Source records
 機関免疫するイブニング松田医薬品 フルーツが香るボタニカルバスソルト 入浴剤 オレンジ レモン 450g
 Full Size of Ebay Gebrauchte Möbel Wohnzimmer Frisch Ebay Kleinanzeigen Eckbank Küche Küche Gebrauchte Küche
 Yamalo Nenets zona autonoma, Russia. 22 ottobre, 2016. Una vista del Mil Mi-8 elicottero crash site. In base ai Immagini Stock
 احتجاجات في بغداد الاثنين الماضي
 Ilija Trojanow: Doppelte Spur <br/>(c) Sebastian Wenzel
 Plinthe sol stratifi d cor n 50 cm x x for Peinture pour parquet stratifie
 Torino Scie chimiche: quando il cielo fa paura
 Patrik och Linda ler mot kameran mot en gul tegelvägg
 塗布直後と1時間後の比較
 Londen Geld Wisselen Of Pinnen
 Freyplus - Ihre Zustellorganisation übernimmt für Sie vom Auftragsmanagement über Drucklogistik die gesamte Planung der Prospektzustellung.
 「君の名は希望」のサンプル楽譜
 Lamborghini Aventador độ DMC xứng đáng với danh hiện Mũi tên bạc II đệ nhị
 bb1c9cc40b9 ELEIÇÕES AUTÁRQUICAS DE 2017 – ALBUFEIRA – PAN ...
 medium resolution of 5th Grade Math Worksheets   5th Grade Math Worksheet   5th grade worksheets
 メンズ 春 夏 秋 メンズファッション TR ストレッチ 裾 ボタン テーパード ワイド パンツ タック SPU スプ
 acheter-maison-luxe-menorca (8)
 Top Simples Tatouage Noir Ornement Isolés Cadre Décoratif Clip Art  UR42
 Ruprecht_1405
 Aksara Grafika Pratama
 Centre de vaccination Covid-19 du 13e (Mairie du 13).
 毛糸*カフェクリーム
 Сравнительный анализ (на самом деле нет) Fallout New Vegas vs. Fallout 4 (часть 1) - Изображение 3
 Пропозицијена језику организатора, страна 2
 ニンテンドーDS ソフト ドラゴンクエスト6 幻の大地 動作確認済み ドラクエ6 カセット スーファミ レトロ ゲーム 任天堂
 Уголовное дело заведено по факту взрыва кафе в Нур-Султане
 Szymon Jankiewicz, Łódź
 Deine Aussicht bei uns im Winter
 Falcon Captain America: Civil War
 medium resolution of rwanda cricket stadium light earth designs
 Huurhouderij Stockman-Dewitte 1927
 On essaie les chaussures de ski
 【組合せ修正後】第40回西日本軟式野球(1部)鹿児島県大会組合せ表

Exercise details:
What is needed here is an exact copy of every record.

Written reply:
 機関免疫するイブニング松田医薬品 フルーツが香るボタニカルバスソルト 入浴剤 オレンジ レモン 450g
 Full Size of Ebay Gebrauchte Möbel Wohnzimmer Frisch Ebay Kleinanzeigen Eckbank Küche Küche Gebrauchte Küche
 Yamalo Nenets zona autonoma, Russia. 22 ottobre, 2016. Una vista del Mil Mi-8 elicottero crash site. In base ai Immagini Stock
 احتجاجات في بغداد الاثنين الماضي
 Ilija Trojanow: Doppelte Spur <br/>(c) Sebastian Wenzel
 Plinthe sol stratifi d cor n 50 cm x x for Peinture pour parquet stratifie
 Torino Scie chimiche: quando il cielo fa paura
 Patrik och Linda ler mot kameran mot en gul tegelvägg
 塗布直後と1時間後の比較
 Londen Geld Wisselen Of Pinnen
 Freyplus - Ihre Zustellorganisation übernimmt für Sie vom Auftragsmanagement über Drucklogistik die gesamte Planung der Prospektzustellung.
 「君の名は希望」のサンプル楽譜
 Lamborghini Aventador độ DMC xứng đáng với danh hiện Mũi tên bạc II đệ nhị
 bb1c9cc40b9 ELEIÇÕES AUTÁRQUICAS DE 2017 – ALBUFEIRA – PAN ...
 medium resolution of 5th Grade Math Worksheets   5th Grade Math Worksheet   5th grade worksheets
 メンズ 春 夏 秋 メンズファッション TR ストレッチ 裾 ボタン テーパード ワイド パンツ タック SPU スプ
 acheter-maison-luxe-menorca (8)
 Top Simples Tatouage Noir Ornement Isolés Cadre Décoratif Clip Art  UR42
 Ruprecht_1405
 Aksara Grafika Pratama
 Centre de vaccination Covid-19 du 13e (Mairie du 13).
 毛糸*カフェクリーム
 Сравнительный анализ (на самом деле нет) Fallout New Vegas vs. Fallout 4 (часть 1) - Изображение 3
 Пропозицијена језику организатора, страна 2
 ニンテンドーDS ソフト ドラゴンクエスト6 幻の大地 動作確認済み ドラクエ6 カセット スーファミ レトロ ゲーム 任天堂
 Уголовное дело заведено по факту взрыва кафе в Нур-Султане
 Szymon Jankiewicz, Łódź
 Deine Aussicht bei uns im Winter
 Falcon Captain America: Civil War
 medium resolution of rwanda cricket stadium light earth designs
 Huurhouderij Stockman-Dewitte 1927
 On essaie les chaussures de ski
 【組合せ修正後】第40回西日本軟式野球(1部)鹿児島県大会組合せ表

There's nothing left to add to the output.